Ex-soccer player now a cop'


Disillusioned at not being able to earn a decent living as a professional soccer player in the U.S. or land a full-time teaching job in Canada, Jason Baker opted to take up a friend's advice to become a law enforcement officer a few years ago.

Last Friday, Baker was rejoicing that he pursued the challenge when he joined 35 other proud new Toronto Police College recruits at an impressive graduation ceremony.

"In my new role as a cop, I will be able to give back something to the community," says Baker who aspires to be a homicide detective. "I enjoyed the training, and now I am looking forward to playing my role as a productive law enforcement officer."

Becoming a police officer was certainly not at the top of Baker's career goal chart when he embarked on a soccer scholarship at the University of Illinois. He graduated with a degree in kinesiology, but had limited success securing a decent job in soccer to pay the bills.

Baker returned home from the U.S. in the summer of 2001, frustrated that he was unable to secure regular employment with semi-professional teams. Niggling knee injuries did not help his cause either.

He decided to use his degree to teach physical education, but soon found out that opportunities were limited.

"It was a pretty frustrating period for me," recalled Baker who represented Canada in soccer at the Under-17 level. "It seemed at the time that I was going nowhere until a friend of mine who was in the force encouraged me to join."

Baker took the plunge, enrolling in the intensive and rigorous program that included the Basic Constable Training 12-week course that is designed to provide recruits with a sound knowledge of the laws and procedures that uniform members are required to apply in the performance of their duties as front line officers.

Following the three-month program, recruits undergo training that prepares them for policing in the urban environment and readies them for field training.

"Every phase of the program was a challenge, but I enjoyed it," said Baker who will work out of 52 Division. "The training provides you with all the tools you need to become a good cop."

In addition to graduating, Baker can also be proud of the fact that he was part of the most diverse class to graduate from the college. A total of 55 per cent of the graduates were visible minorities.
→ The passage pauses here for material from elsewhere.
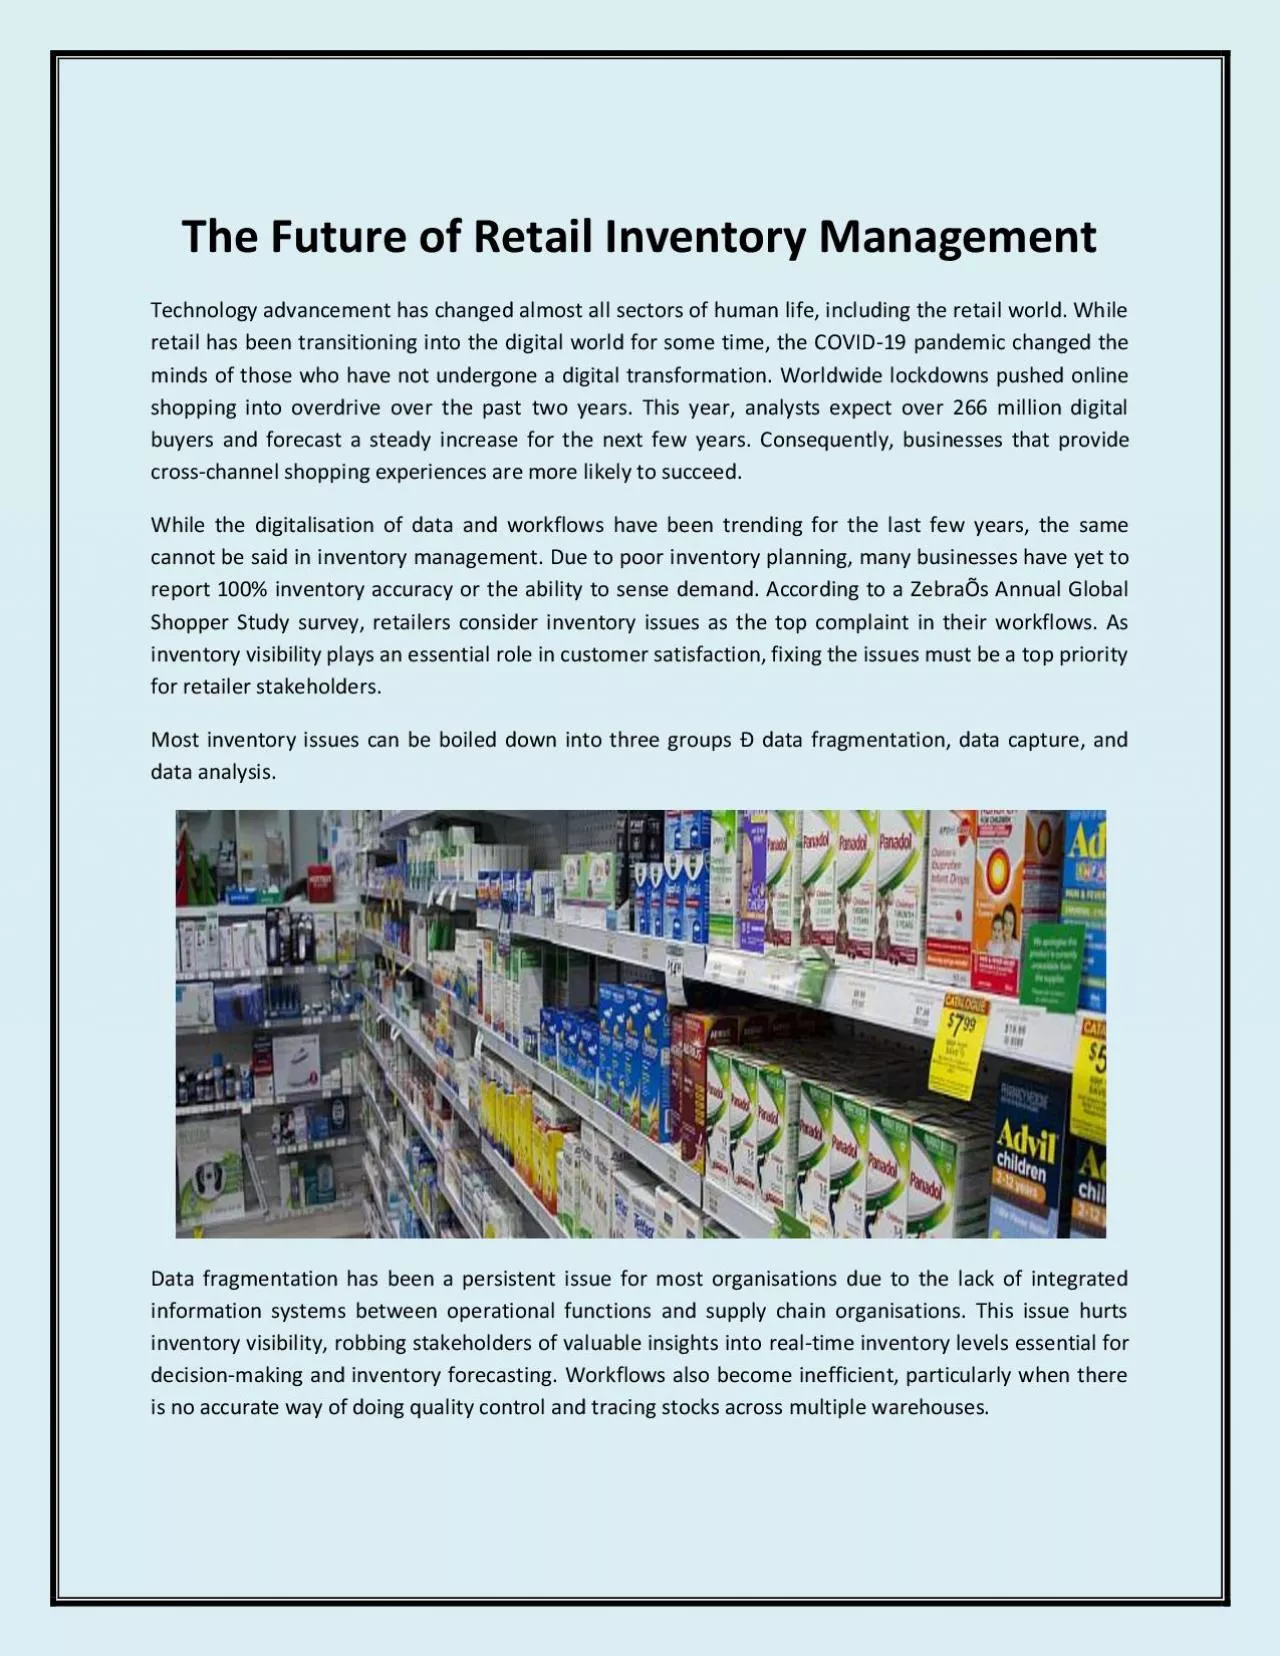 The Future of Retail Inventory Management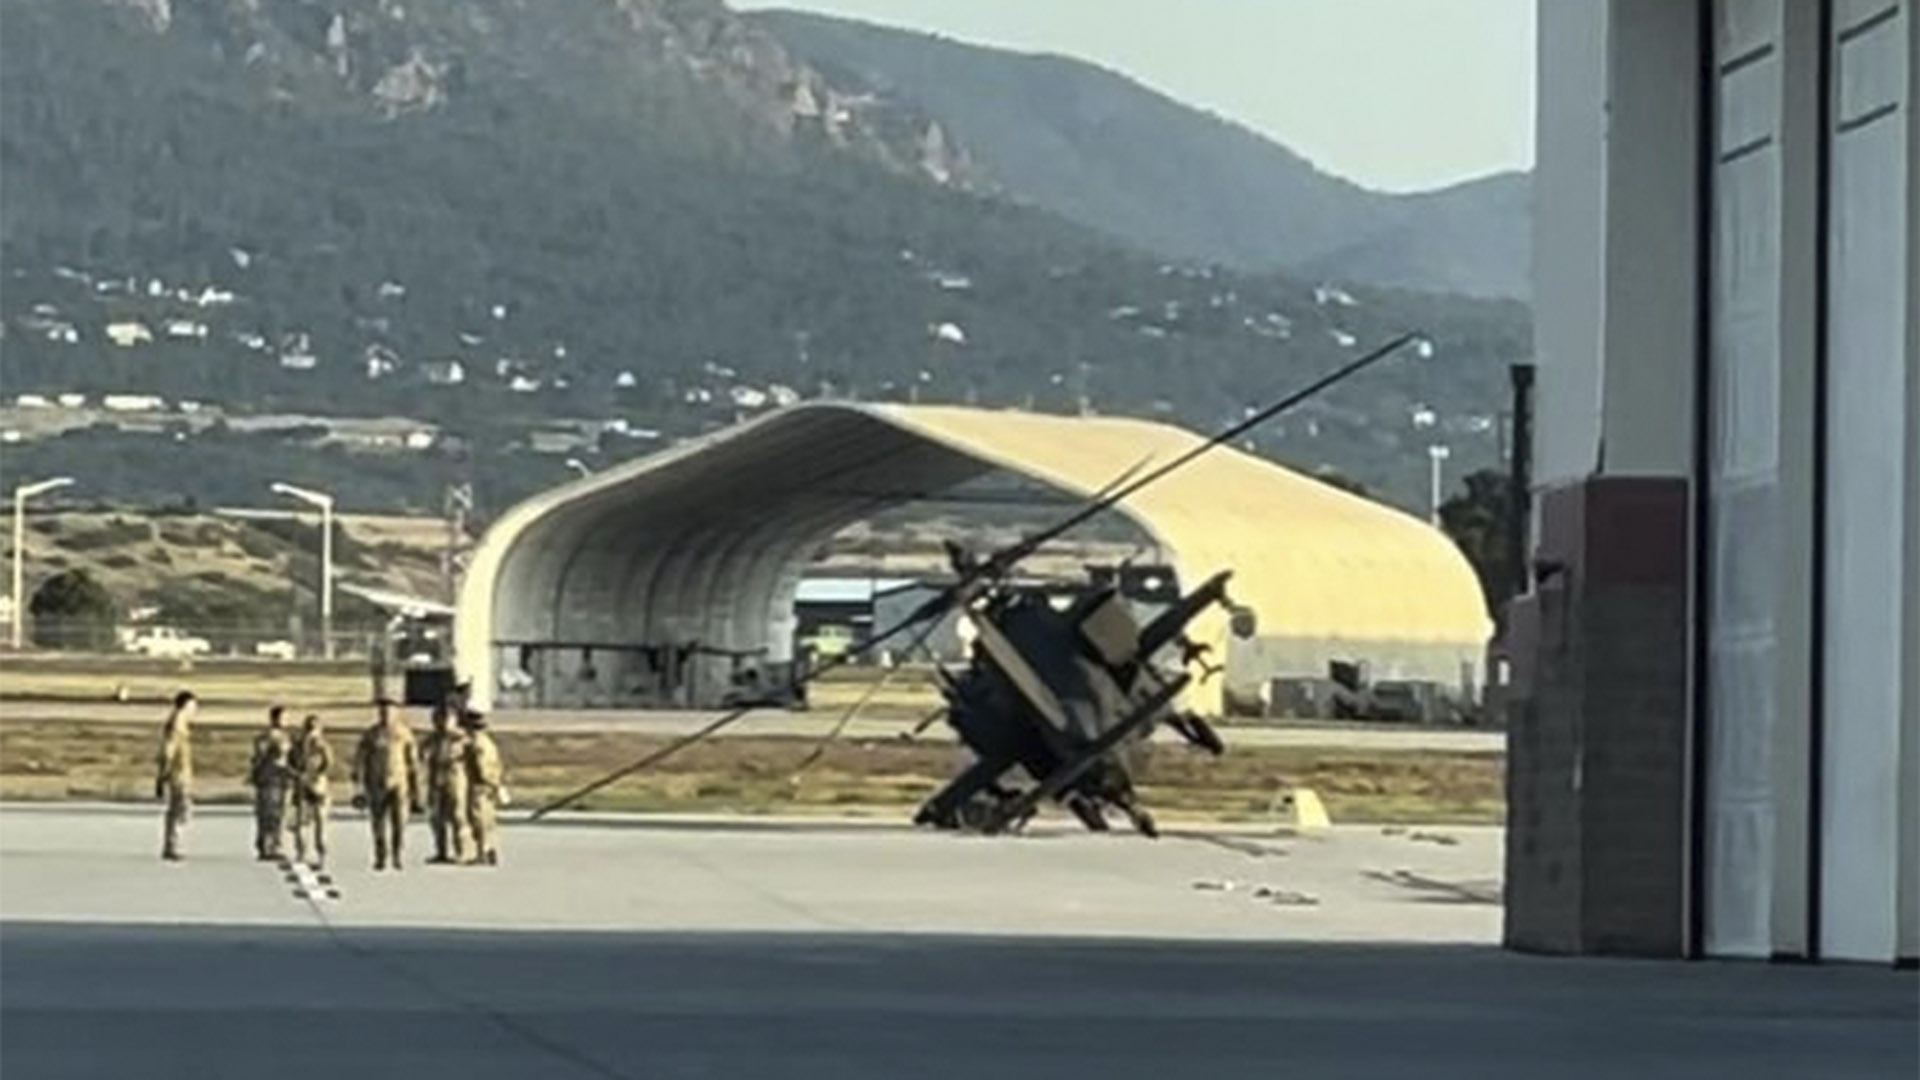 A helicopter knocked on its side after storms hit Fort Carson.

"The City of Toronto is reflected in this graduating class," said Superintendent Keith Forde who heads the police training college. "This should be the rule rather than the exception."

Forde, who switched from pursuing an economics degree to a law enforcement career in the 1970s after recognizing that there were no Black officers in Montreal where he resided at the time, reminded the graduates that the learning process for them is now beginning even though they had completed their formal training.

"Policing is an ever changing vocation, and to be successful you must dedicate yourself to be a life-long learner," he pointed out. "Take advantage of the diverse and wide range of learning opportunities and also widen your horizons by comparing and contrasting and learning from police services all over the world. There are lessons to be learned from each of them."